6.    Water proof trousers (pants = underwear, lead to some funny misunderstandings)- saved me from getting hypothermia numerous times. I suggest light trousers, a Velcro strap around the bottom allows you to tighten them so your gears don’t eat them which is likely to cause accidents.
7.    Mudguards- you NEED these to reduce your jacket-washing from daily to monthly. Also if you don’t get the front mudguard you learn how to identify city streets by taste.

There are many additional items which are nice to have but not necessary for your biking experience. A set of clear sports goggles keeps the wind out of your eyes, which allows you to stop squinting (likely my next purchase). A backpack with the water-bladder feature keeps you hydrated and feeling like you should be in an advert.

So, what makes us cyclist crazy apart from weathering the weather? How about continually using nutty road system (ops, I’m now flying down a one way street, which may or may not lead to the afterlife). Maybe it is continually being sandwiched between pedestrians (who love to hand talk and cut out in front of you like a mentally handicapped deer) and drivers who consider you an annoyance and no more than a speed bump.
God I can’t wait to go out for a bike tomorrow!

York and back again

February 8, 2008

My trip to York was interesting to say the least. To start it off my wallet was nicked on the train and I had only a reservation at a hostel, which I had not yet paid for, and the number of a friends’ friend. I called this new friend and the connection cut out. I near smashed the phone right there and then however, my new friend called from another phone and stated his battery had died.

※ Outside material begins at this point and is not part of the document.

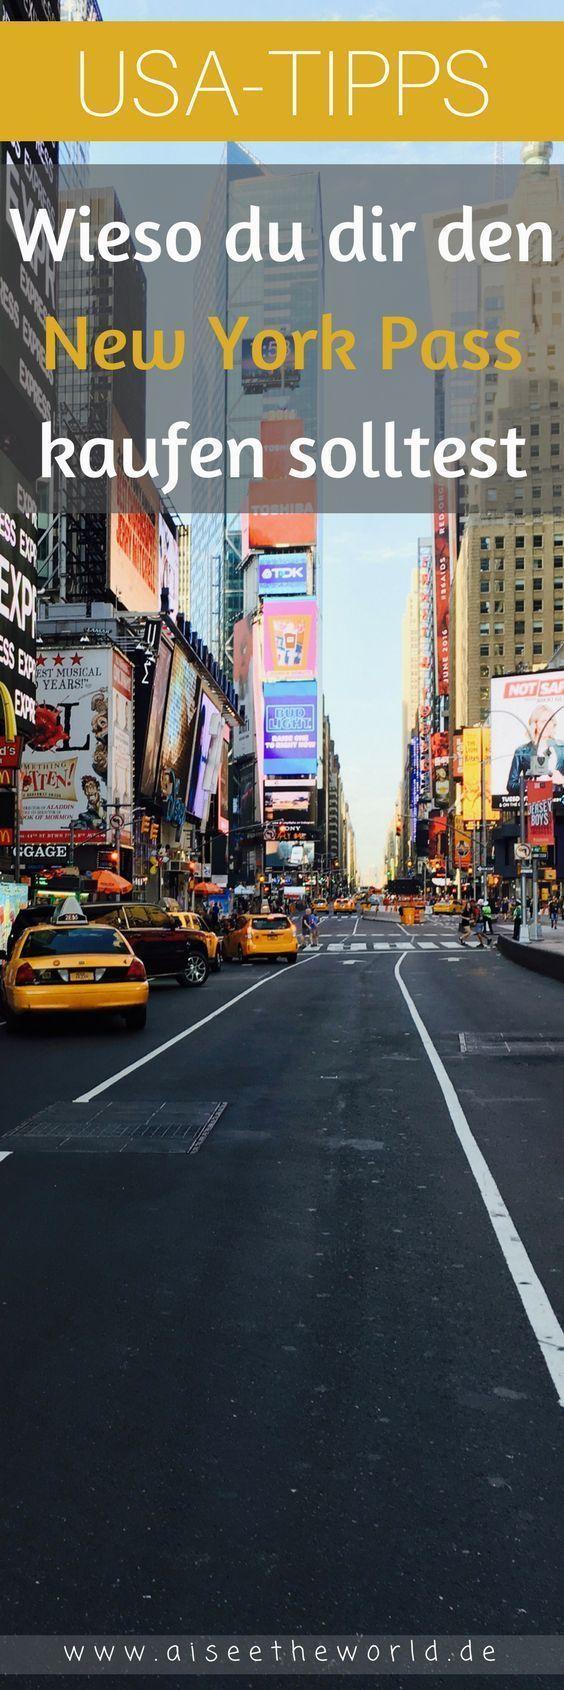 New York Pass: Wieso sich der New York Pass lohnt

Cutting to the present I had just taken last collection of the items I need to get through the remainder of the year. Lost to the sands of time are my driving license, my emergency credit card and a black leather wallet. Rounding up and collecting these items has been my mission for the past week.

Back to York my new friend was a extremely helpful and friendly guide. The guy even set me up with a bunk, food, and lent me 50 quid. I am so thankful for his help and I hope I will have a chance to repay my new friend and show him an equally fun time when he comes to Glasgow.

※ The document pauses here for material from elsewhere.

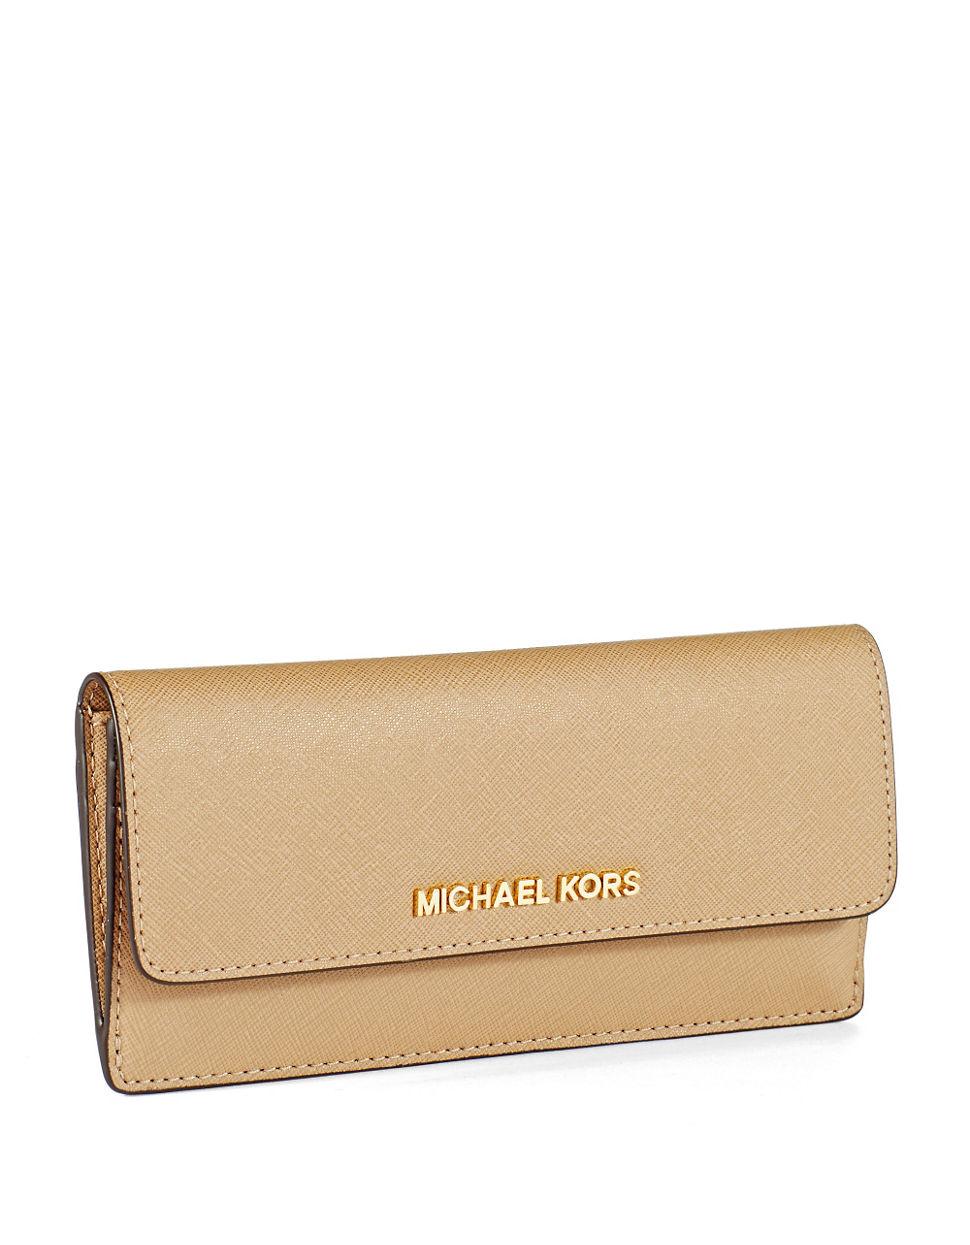 8e0183fb6c81 MICHAEL Michael Kors Jet Set Leather Travel Flat Wallet in Natural ...

The conference itself was such a mixed bag. Many of the items discussed were fascinating however like most conferences much depended on the quality of the speaker. I don’t want to speak of some of the ideas due to possible copyright infringements but here are some interesting new finds.

Augmented reality- a type of virtual reality; it shows 3D replicas of objects and buildings. Imagine seeing a 3D model of a castle etc using your cell phone camera.

The “Dig!” – museum in York imagine watching adult archaeologists becoming children again and digging in a neo-sandbox peppered with artifacts. The only difference between children and adults was the glasses of wine in many hands. a fantastic site for interesting ways in which we humans display the world around us. Don’t attempt this site with dial up.

York- an amazing city in general. I sadly did not bring my camera; apart from being windy as hell, it was picture perfect environment with visibly inspiring heritage and great beers.